Methods: In a retrospective analysis, we studied the data of 22 patients, who underwent the Oberlin procedure between 11/2004 and 09/2010. Moreover, 11 patients from 12/2008 to 07/2011 undergoing a triceps branch transfer were identified. Pre- and postoperative assessment was carried out using the Medical Research Council (MRC) grade to classify muscle strength. Sensory deficits were also detected.

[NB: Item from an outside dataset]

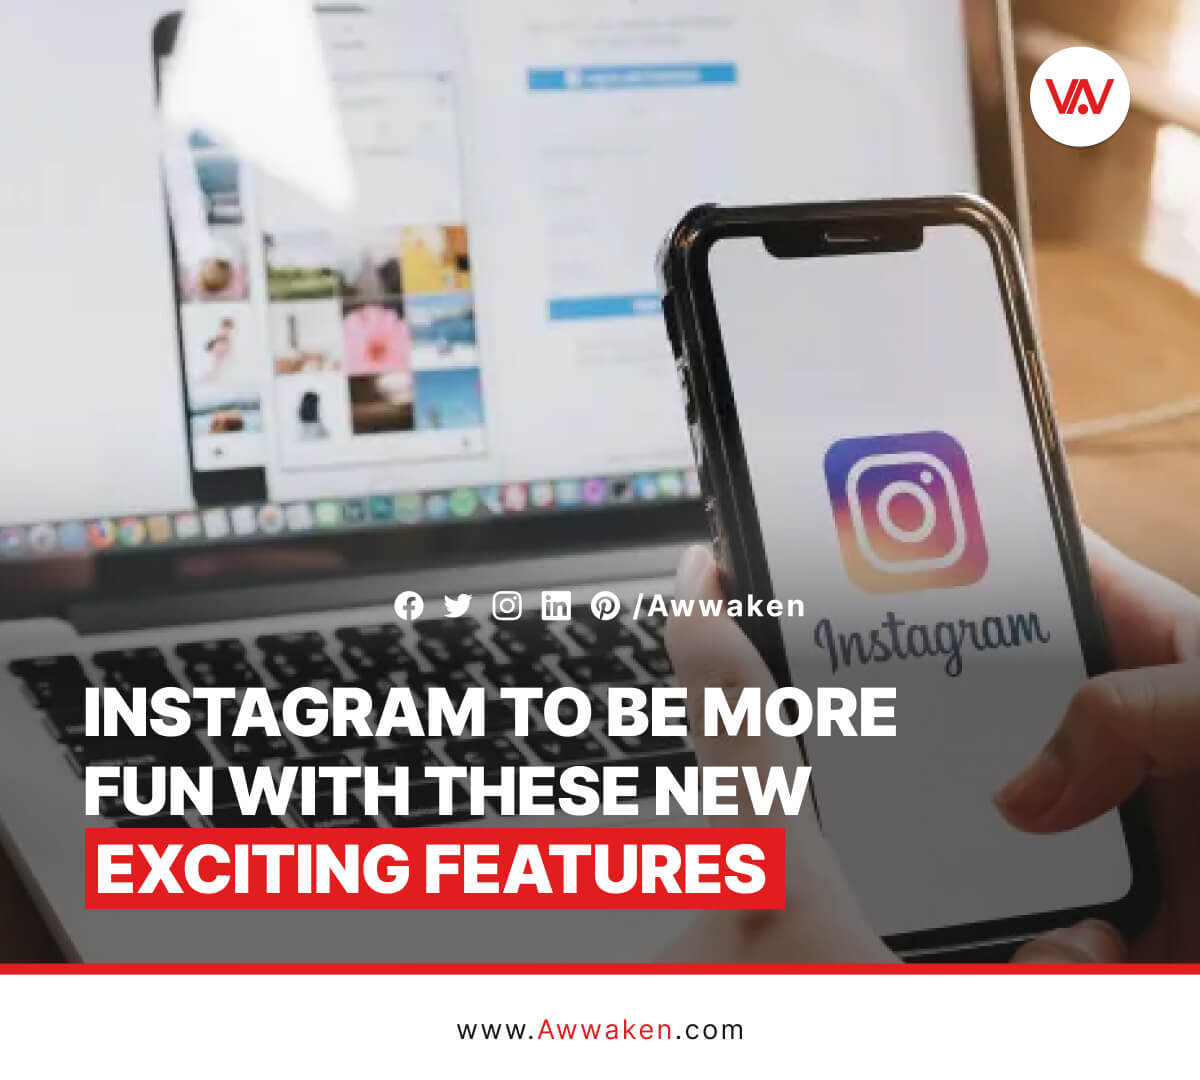 Instagram to be more FUN with these new exciting features_awwaken

Results: The mean age of the patients was 35,6 years (13–74 yrs) and the mean time from injury to surgery was 8,6 months (3–35 months). Preoperative biceps in all patients showed M0. 9/22 patients, who underwent Oberlin transfers gained MRC 4-5. 5/22 showed a significant improvement with biceps function MRC 3-4. In addition 6/22 had no functional elbow flexion after 20 months follow-up, while 2/22 of the patients were lost to follow-up. None of them had an impairment of the hand function. 2/22 patients experienced a transient paresthesia in the ulnar hand. In our patients no significant difference was seen between only ulnar and median nerve augmented Oberlin transfer. Regarding triceps branch transfer, 2/9 patients displayed shoulder abduction MRC 4-5. 1/9 patient reached MRC 3 after 20 months. 6/9 patients did not benefit. 4 patients, who had a follow-up just for 1 year, were excluded from this study.
Conclusions: In our experience both Oberlin procedure and triceps branch transfer are safe and feasible techniques. However, the Oberlin results are more promising. In patients with brachial plexus injury, independent from pedicle screws both methods should be kept in mind.